Note : This does not change the model architecture to bidirectional; it is a prompt engineering technique to mitigate the limitations of causal models.
| Metric | Result |
|---|---|
| Significant improvement (p < 0.1) | 47 / 70 benchmarks |
| Performance degradation | 0 |
| Neutral | 23 |
| Improvement rate | 67% |
Most dramatic improvement: Gemini 2.0 Flash-Lite on NameIndex: 21.33% → 97.33% (+76%p)
| Provider | Auto-apply models | Excluded models |
|---|---|---|
| Claude | haiku series | opus, sonnet |
| Gemini | flash, flash-lite | pro, ultra |
| OpenAI | gpt-4o-mini, gpt-low | gpt-4o, gpt-4 |
| Task Type | Keyword Pattern | Repetitions | Expected Improvement |
|---|---|---|---|
| Options-First MCQ | A. B. C. D. choices first | 2× | +15-40%p |
| Index/Position | slot, position, index, N-th | 3× | +50-76%p |
| Context + Question | General question | 2× | +5-15%p |
| With CoT |
# Check context before auto-apply
max_context = model_context_window * 0.8 # 80% safety margin
if len(prompt_tokens) * repetitions > max_context:
repetitions = max(1, int(max_context / len(prompt_tokens)))

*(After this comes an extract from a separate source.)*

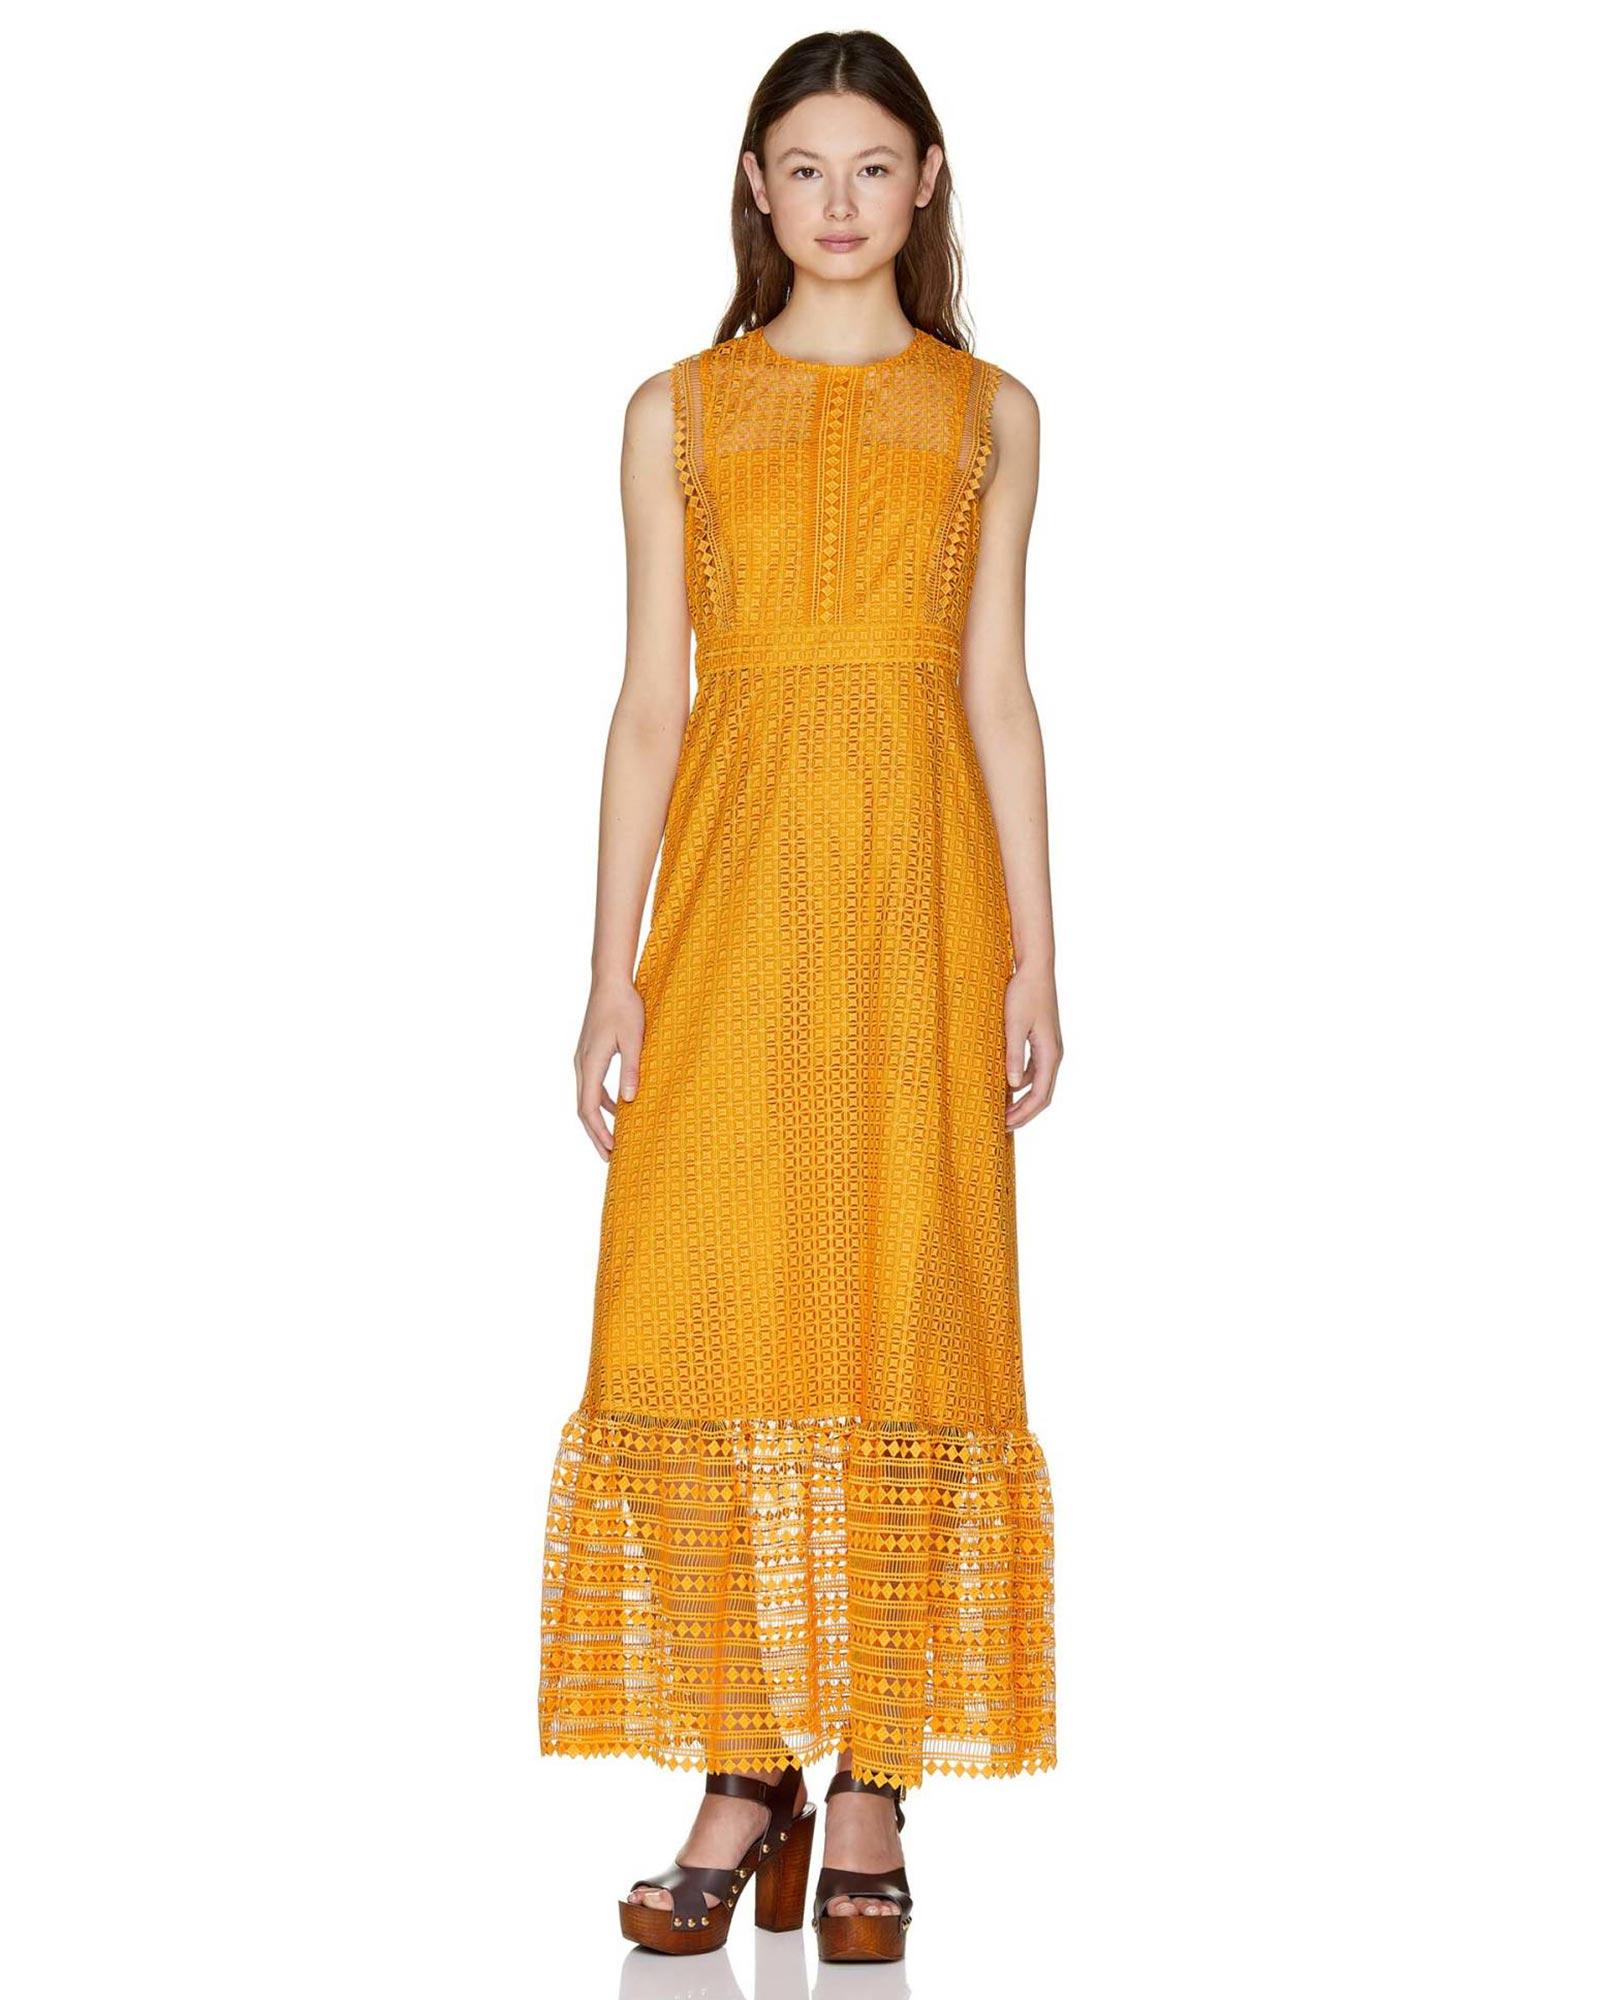 Vestidos benetton mujer 2019

def apply_prompt_repetition(prompt: str, times: int = 2) -> str:
"""Repeat the prompt a specified number of times
Args:
prompt: Original prompt
times: Number of repetitions (default 2)
Returns:
Repeated prompt
"""
if times <= 1:
return prompt
return "\n\n".join([prompt] * times)
Before:
A. Paris
B. London
C. Berlin
D. Madrid
Which city is the capital of France?
Reply with one letter.
After (repetition ×2 applied):
A. Paris
B. London
C. Berlin
D. Madrid
Which city is the capital of France?
Reply with one letter.
A. Paris
B. London
C. Berlin
D. Madrid
Which city is the capital of France?
Reply with one letter.
Expected output:
A
Accuracy: original 78% → after repetition 93% (+15%p)
Before:
Inventory:
1. Iron Sword
2. Leather Armor
3. Health Potion (x5)
4. Magic Staff
...
25. Dragon Scale
...
50. Ancient Map
What item is in slot 25?
After (repetition ×3 applied): Prompt repeated 3 times
Expected output:
Dragon Scale
Accuracy: original 21% → after repetition 97% (+76%p)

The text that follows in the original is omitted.